__What you will do__
Below are entries. Reproduce exactly the lines between the line holding "Batteria sostituisce Stiga" and the line holding "Фото - Eidam 30% bloček Zlatý sýr", inclusive, and only those.

Excerpts from a dataset:
_ _ _

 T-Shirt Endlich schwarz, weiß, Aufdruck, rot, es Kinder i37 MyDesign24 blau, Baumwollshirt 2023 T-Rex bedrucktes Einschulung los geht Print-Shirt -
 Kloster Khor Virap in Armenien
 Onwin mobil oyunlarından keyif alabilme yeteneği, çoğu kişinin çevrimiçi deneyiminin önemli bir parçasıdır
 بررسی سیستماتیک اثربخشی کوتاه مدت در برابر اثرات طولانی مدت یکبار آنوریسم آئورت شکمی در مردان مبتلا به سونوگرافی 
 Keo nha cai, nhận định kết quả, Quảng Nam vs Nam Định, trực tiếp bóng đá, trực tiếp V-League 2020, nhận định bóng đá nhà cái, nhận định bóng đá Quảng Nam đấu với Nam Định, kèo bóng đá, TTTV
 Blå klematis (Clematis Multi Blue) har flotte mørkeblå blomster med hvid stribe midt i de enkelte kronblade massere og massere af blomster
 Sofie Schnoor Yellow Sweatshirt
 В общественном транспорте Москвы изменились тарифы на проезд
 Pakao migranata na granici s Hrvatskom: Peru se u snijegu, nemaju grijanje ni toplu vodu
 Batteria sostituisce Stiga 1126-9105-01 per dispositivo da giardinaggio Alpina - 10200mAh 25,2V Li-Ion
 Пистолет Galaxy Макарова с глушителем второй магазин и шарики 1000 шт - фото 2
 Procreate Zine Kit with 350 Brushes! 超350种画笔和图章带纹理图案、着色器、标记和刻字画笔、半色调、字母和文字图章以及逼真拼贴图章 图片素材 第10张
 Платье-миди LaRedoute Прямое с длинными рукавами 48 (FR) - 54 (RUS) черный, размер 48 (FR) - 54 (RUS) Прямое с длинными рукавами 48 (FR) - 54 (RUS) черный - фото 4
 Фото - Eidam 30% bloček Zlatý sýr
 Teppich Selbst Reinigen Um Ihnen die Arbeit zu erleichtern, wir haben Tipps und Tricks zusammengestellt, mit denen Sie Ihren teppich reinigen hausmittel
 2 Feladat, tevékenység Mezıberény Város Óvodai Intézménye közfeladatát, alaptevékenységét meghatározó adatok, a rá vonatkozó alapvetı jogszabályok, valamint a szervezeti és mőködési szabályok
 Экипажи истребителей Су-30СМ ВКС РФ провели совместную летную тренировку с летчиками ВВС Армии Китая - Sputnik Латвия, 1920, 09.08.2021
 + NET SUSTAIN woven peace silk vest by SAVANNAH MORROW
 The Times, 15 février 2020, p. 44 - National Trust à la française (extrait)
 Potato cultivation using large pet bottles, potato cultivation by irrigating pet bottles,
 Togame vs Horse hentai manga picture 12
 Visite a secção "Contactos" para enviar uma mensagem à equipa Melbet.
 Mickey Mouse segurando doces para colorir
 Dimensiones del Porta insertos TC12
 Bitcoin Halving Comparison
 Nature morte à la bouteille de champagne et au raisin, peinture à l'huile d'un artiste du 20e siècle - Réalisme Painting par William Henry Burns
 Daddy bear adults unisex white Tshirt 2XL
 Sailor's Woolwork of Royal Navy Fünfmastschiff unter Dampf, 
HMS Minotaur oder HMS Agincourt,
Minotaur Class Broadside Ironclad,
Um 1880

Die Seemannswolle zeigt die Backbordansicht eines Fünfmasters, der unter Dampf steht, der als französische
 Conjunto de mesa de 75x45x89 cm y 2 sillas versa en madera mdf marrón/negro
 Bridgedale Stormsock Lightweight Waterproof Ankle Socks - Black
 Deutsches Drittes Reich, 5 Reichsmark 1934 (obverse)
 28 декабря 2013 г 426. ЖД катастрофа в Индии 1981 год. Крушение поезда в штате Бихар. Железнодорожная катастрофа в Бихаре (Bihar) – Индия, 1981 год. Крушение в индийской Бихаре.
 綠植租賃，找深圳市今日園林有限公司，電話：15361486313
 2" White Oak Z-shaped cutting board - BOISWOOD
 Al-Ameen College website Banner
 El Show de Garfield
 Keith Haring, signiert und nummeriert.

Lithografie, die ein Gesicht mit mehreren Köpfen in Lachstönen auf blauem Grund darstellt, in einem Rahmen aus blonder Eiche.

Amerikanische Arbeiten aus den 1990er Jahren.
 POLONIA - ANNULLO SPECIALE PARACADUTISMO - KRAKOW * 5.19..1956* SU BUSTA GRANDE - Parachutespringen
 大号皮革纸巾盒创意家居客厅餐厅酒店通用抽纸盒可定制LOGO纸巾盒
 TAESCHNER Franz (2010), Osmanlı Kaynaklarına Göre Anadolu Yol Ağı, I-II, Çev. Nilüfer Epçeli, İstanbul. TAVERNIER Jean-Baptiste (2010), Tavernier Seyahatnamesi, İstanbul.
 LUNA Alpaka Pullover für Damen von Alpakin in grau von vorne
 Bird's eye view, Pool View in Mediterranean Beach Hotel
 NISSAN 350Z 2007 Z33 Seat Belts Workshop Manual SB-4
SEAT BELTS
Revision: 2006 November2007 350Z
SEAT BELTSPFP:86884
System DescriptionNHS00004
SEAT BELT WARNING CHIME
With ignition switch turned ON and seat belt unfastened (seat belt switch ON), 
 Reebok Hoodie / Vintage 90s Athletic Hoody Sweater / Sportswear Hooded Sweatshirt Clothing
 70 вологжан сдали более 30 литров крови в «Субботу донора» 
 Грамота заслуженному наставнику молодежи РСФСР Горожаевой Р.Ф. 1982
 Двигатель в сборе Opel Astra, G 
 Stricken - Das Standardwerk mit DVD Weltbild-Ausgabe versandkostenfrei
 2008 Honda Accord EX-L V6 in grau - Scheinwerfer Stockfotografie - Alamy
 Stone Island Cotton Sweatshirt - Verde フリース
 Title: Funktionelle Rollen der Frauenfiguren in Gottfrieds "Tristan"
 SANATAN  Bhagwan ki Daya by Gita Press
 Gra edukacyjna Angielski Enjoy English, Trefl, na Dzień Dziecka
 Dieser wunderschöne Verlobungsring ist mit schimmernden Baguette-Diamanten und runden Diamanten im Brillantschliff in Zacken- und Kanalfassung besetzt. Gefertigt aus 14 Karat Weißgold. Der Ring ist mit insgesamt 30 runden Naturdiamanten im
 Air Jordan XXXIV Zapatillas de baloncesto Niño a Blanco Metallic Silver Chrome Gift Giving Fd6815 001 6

_ _ _

__Response__
 Batteria sostituisce Stiga 1126-9105-01 per dispositivo da giardinaggio Alpina - 10200mAh 25,2V Li-Ion
 Пистолет Galaxy Макарова с глушителем второй магазин и шарики 1000 шт - фото 2
 Procreate Zine Kit with 350 Brushes! 超350种画笔和图章带纹理图案、着色器、标记和刻字画笔、半色调、字母和文字图章以及逼真拼贴图章 图片素材 第10张
 Платье-миди LaRedoute Прямое с длинными рукавами 48 (FR) - 54 (RUS) черный, размер 48 (FR) - 54 (RUS) Прямое с длинными рукавами 48 (FR) - 54 (RUS) черный - фото 4
 Фото - Eidam 30% bloček Zlatý sýr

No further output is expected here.